[Taxacom] Molecular shared derived characters (was, sine's, line's)

John Grehan jgrehan at sciencebuff.org
Fri May 13 07:34:55 CDT 2011


 

-----Original Message-----
From: Sergio Vargas [mailto:sevragorgia at gmail.com] 
Sent: Thursday, May 12, 2011 9:45 AM
To: taxacom-request at mailman.nhm.ku.edu; John Grehan
Subject: Re: Molecular shared derived characters (was, sine's, line's)

>I guess I just won't get it...

NO worries. I don't get a lot of things myself.

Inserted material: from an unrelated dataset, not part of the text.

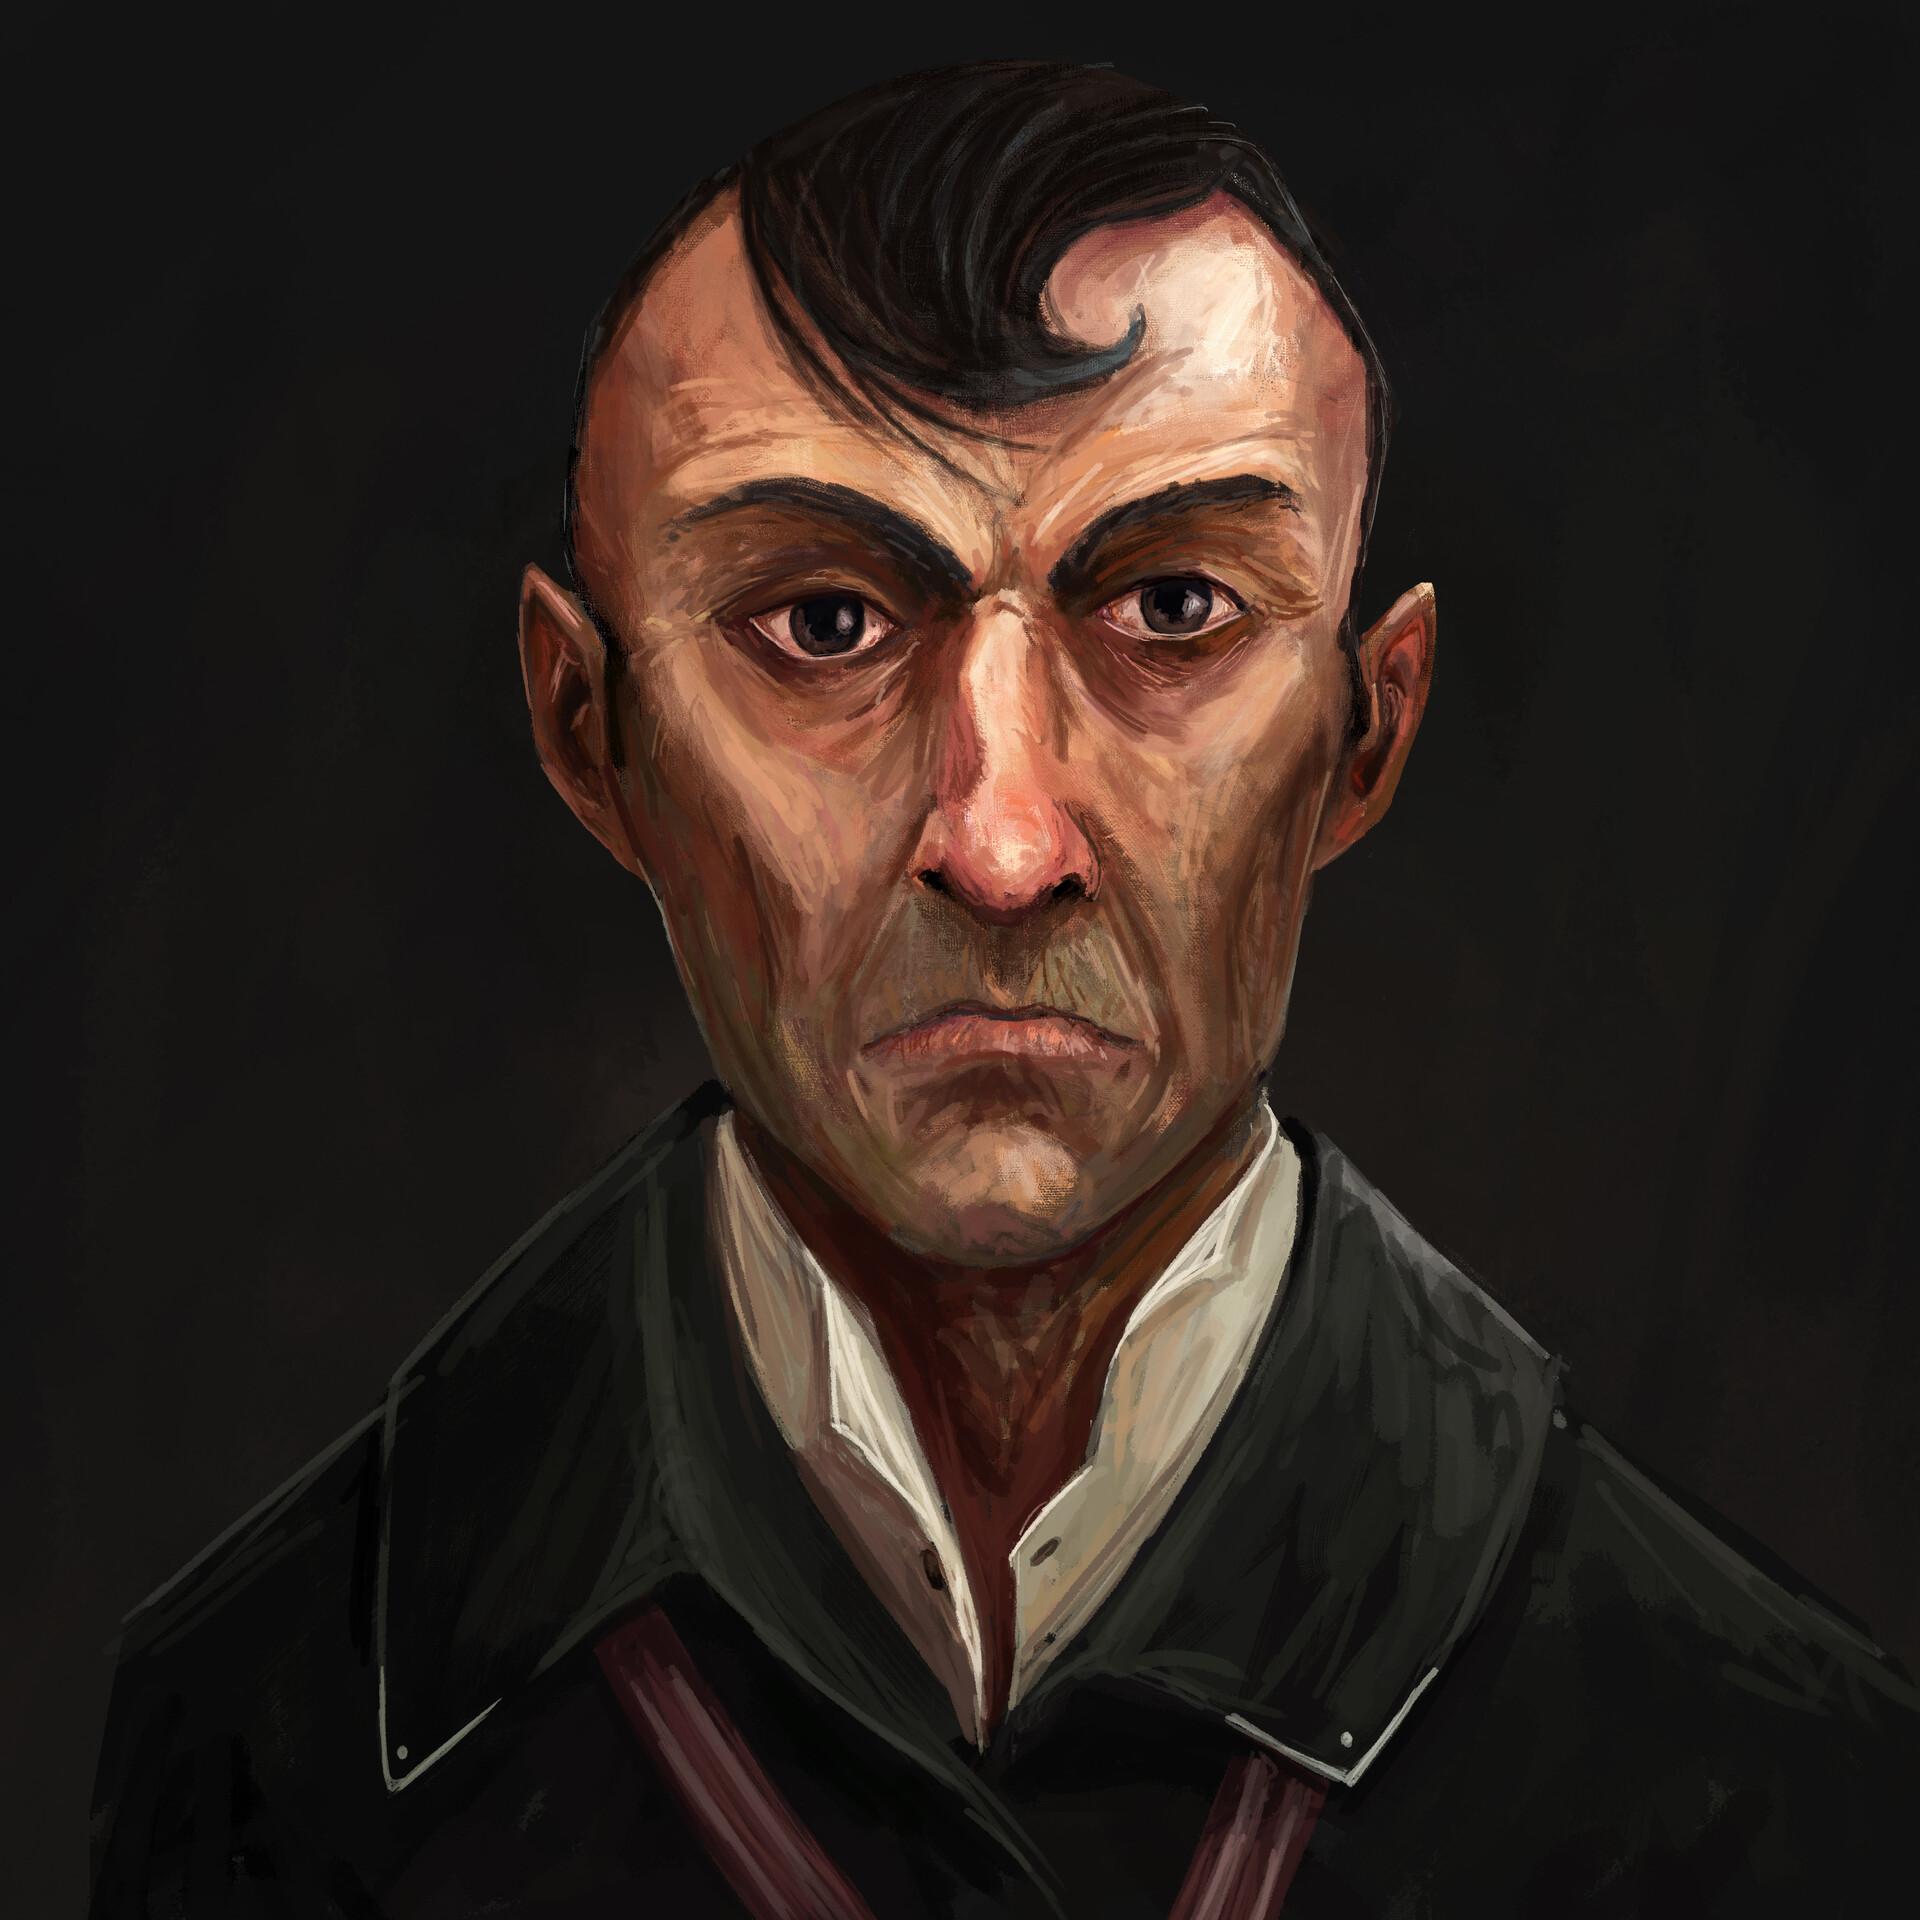 Jack dowell portrait evil guy

> I just have two brief comments.

> no clock assumption is necessary for the analysis of molecular 
>characters either. 

Perhaps so, but in practice most if not all parsimony or other
phylogenetic clustering analyeses also assume a molecular clock.

> If you use parsimony, for instance, you only hope/assume 
> characters don't evolve to fast or to slowly so that you can 
> trace the evolution of the character. 

Do molecular phylogenies rest on a hope and a prayer?

> This is also assumed when you analyze morphological characters.

Evolutionary rates have nothing to do with the identification of
uniquely shared characters in the LCA.

> The computer program actually treats the characters identically 
> no matter whether they are nucleotides or morphological 
> characters, and you can root the tree if you want or establish 
> transformation series if you want. 

The algorithm my treat them the same, but that does not mean that they
are.

> Your critique to molecular characters seem to be, precisely,
> that you cannot do any of the above (e.g. establishing 
> transformation series) with nucleotides because it is something 
> hard or impossible to do, and because you can do this with 
> morphological characters you prefer these characters. 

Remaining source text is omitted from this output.